According to Wilks, they are preparing to undertake the next Health and Lifestyle Survey come January 2016.

"Obesity, lack of activity and too much salt in the diet are the three big issues that are of concern to us. Unless we are able to arrest those, we are not likely to see any cauterisation of the trend in increase in hypertension," said Wilks.

"People's sensitivity to the issue continues to be low, because it's not a disease that causes symptoms, so they don't really take it seriously until there are complications like stroke or heart attack or kidney problem or something like that," he added.

General practitioner Dr Jacqueline Campbell said she, too, is concerned that people have not been making the necessary lifestyle changes to reduce their risk.

One of the primary challenges, she said, to reducing the number of individuals being diagnosed with hypertension is the fact that Jamaicans generally tend to eat a lot.

"Some people eat too much food. People eat with the eyes. So if you give them a good enough portion and recommend what ... [is the correct portion of a particular food], they are going to say, 'but I can't eat just that'," she said.

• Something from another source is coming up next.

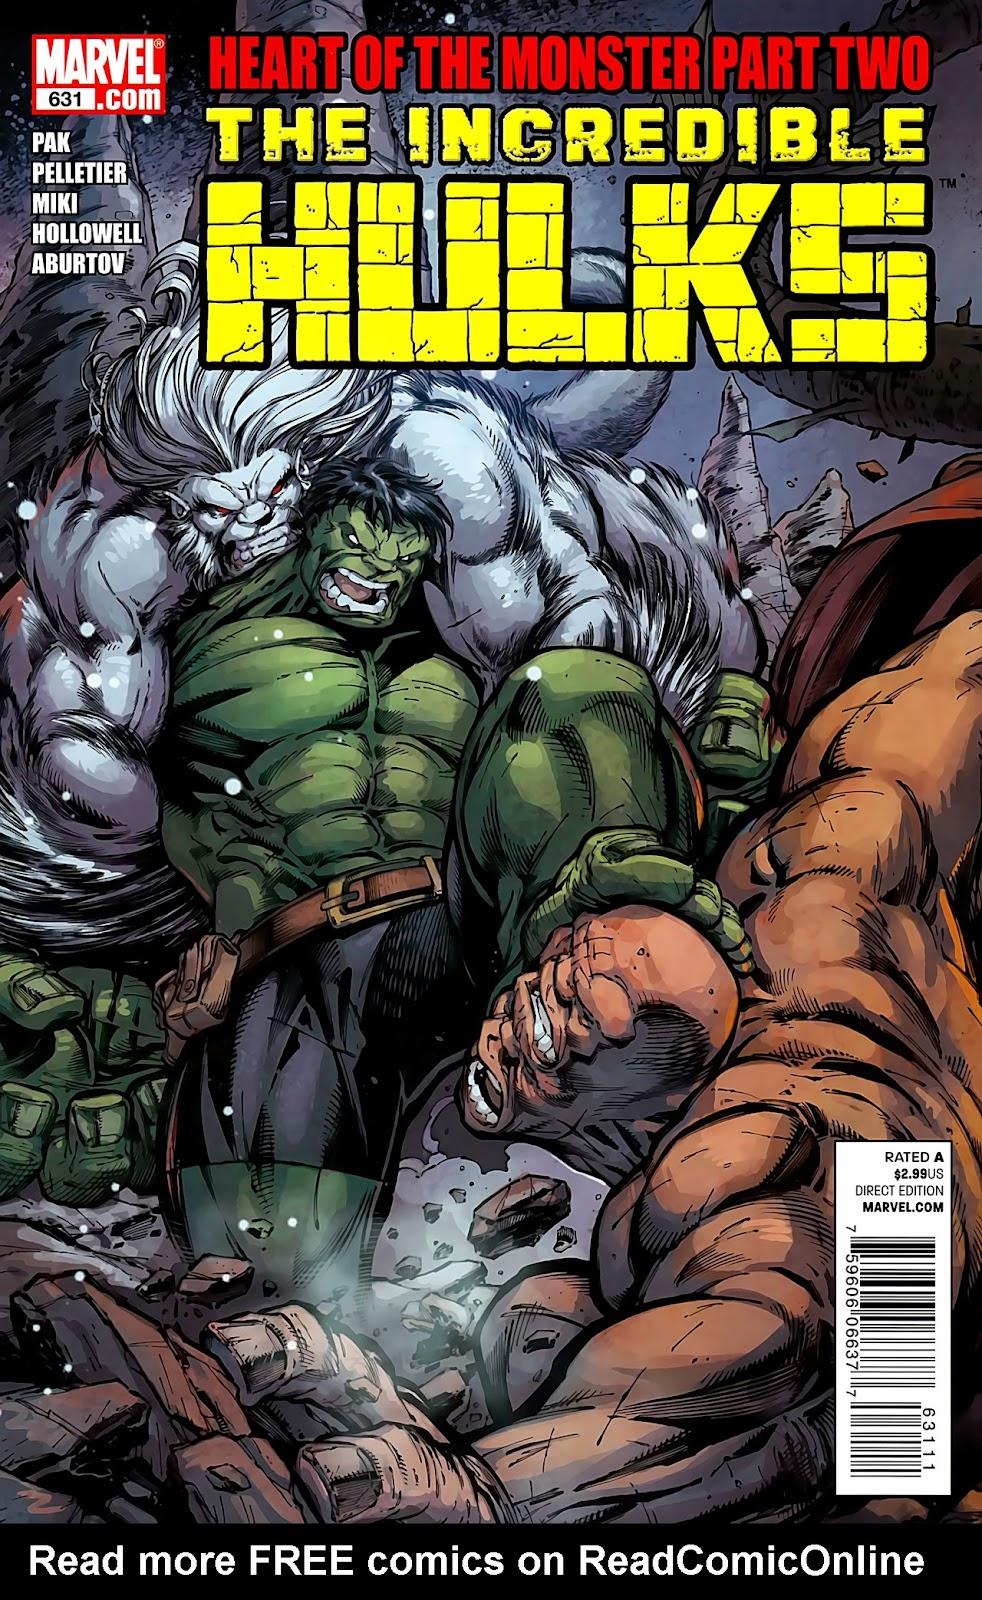 Incredible Hulks (2010) Issue #631 #21 - English 1
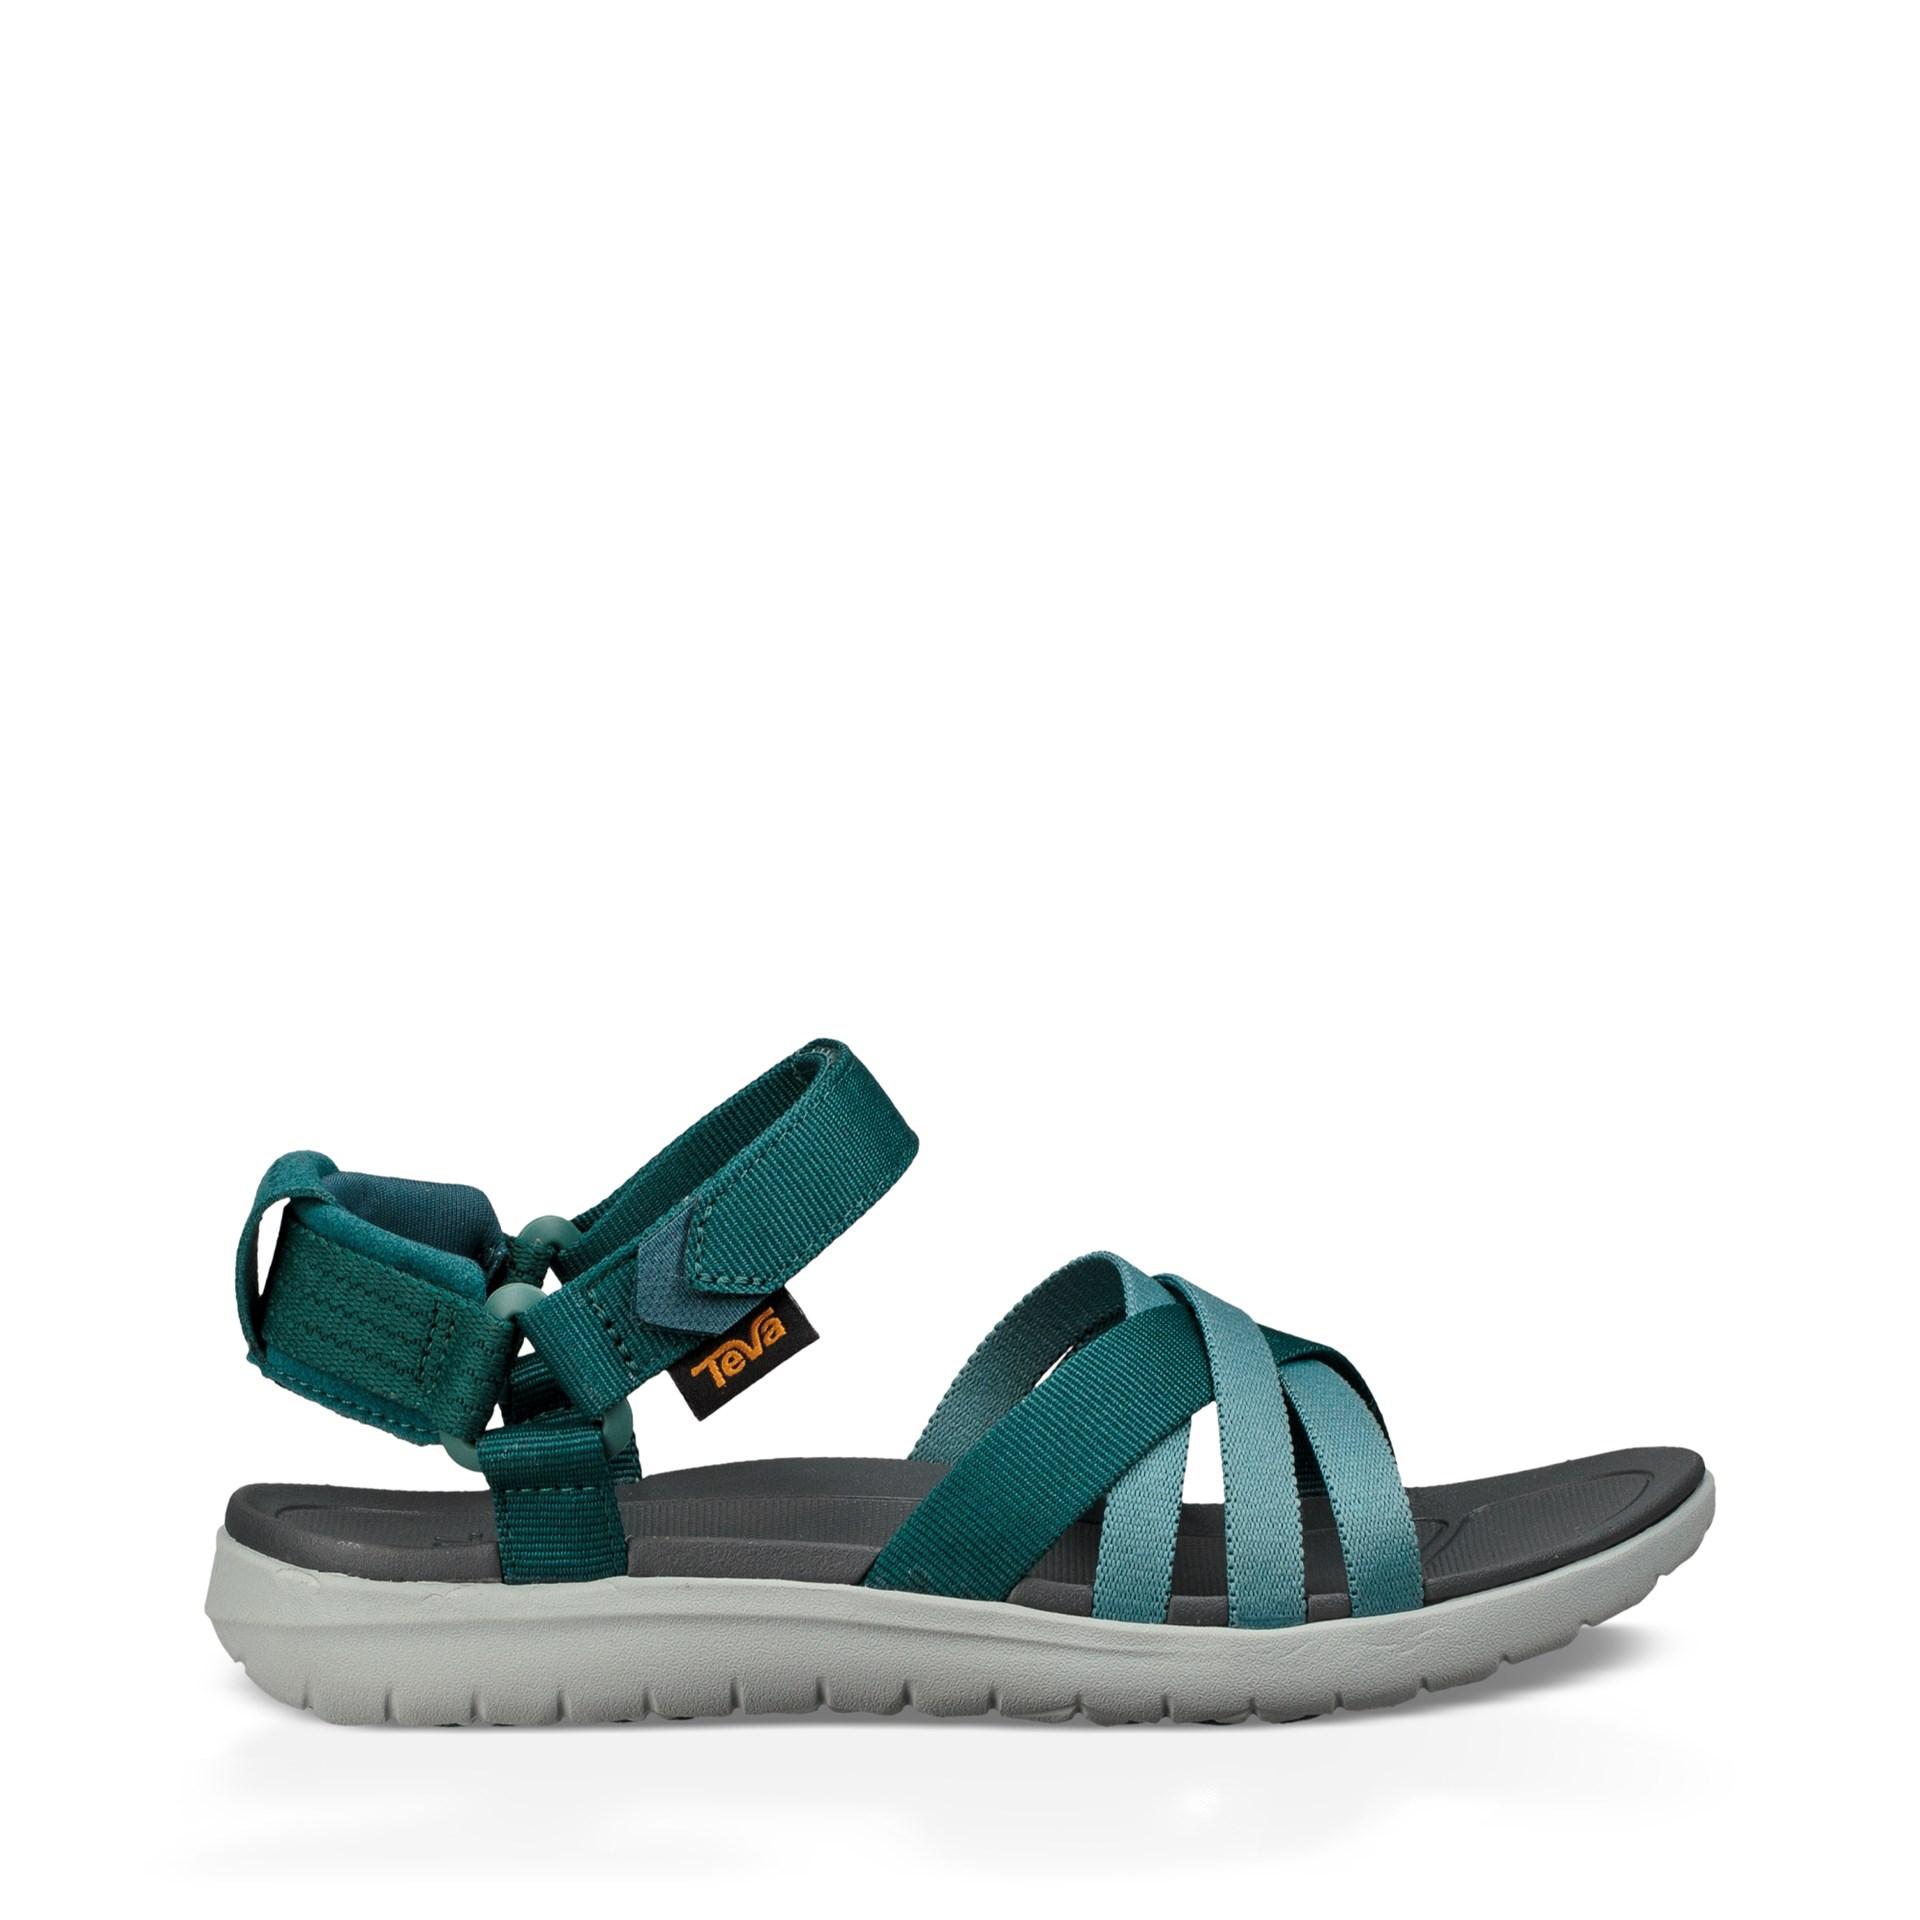 Braasport Teva Sanborn Sandal Dame

"Many times people come in with hypertension and so on, they are not really looking at the entire picture. They are not looking at, for example, the impact excess weight is having. They are not looking at the impact of, say, stress. They are not looking at the impact of, say, exercising.

"They are not looking at the impact of salt consumption because many of our food contain too much salt and people add too much salt," the doctor explained.